The defendants were all Kurdish activists in Belgium, some holding positions in the Kurdish National Congress (KNK), some being members of local Kurdish associations and others being representatives of Syrian and Iranian Kurdish political parties etc. The two companies which were prosecuted are production companies for Kurdish television and radio. The Prosecution argued that all these organisations, parties etc. were in reality integral parts of PKK.

    Read more: Decisions of the Court of Appeal (Indictment Chambers) of Brussels (Belgium) 14 September 2017 and 8 March 2019 in the case against alleged PKK leaders and members. Translation of the most recent case of the Belgium Judgement

    Speakers biographies:

    Jan Fermon is a lawyer at the bar of Brussels (Belgium) since 1989. He is the acting Secretary General of the International Association of Democratic Lawyers. He is specialised in criminal law, international law and human rights. He assisted political activists and movements that were criminalised either in their homelands or in Belgium and other European countries. He acted as a trial observer on behalf of several international organisations amongst others in trials against political activists in Turkey. He is the author of a book (with Prof. Ties Prakken) on Political Defence (in Dutch). In a recent trial in Belgium against 42 alleged PKK members and leaders he pleaded with success that the conflict between Turkey and the Kurds should be ruled by international humanitarian law and not by national anti-terrorist laws.
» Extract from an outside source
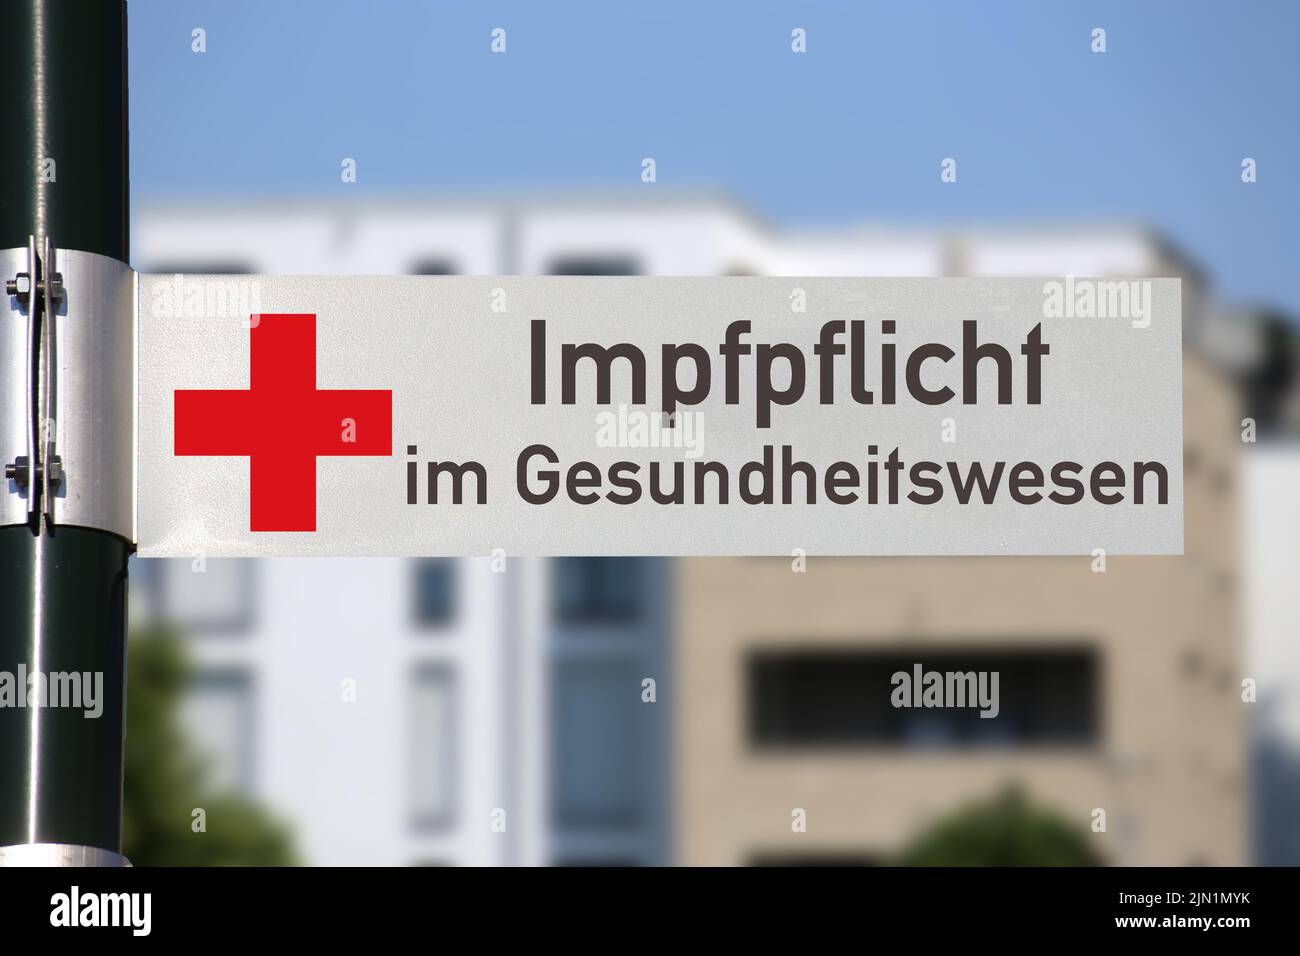 Symbolbild Impfflicht im Gesundheitswesen: Straßenschild mit rotem Kreuz und entsprechender Aufschrift vor einem Gebäude Foto Stock

    Alastair Lyon is a solicitor at Birnberg Peirce, a long-established firm dedicated to upholding civil rights and liberties. Over many years he has represented activists fighting for the Kurdish cause, including those sought for extradition by the Turkish authorities and those arrested by the authorities in this country for domestic prosecution. Most recently, he has been assisting those detained on their return from assisting the YPG in Rojava, including Josh Walker, a young Welshman prosecuted at Birmingham Crown Court under anti-terror legislation.

    Nik Matheou is a historian at the University of London specialising in Anatolia, Armenia and Kurdistan, and an organiser with London Kurdistan Solidarity, the London local group of the Kurdistan Solidarity Network, a coalition of groups that provide education on the theory and practice of the Kurdish Freedom Movement, outreach about the revolutionary struggle in Kurdistan, and campaign in practical solidarity as part of the broader movement.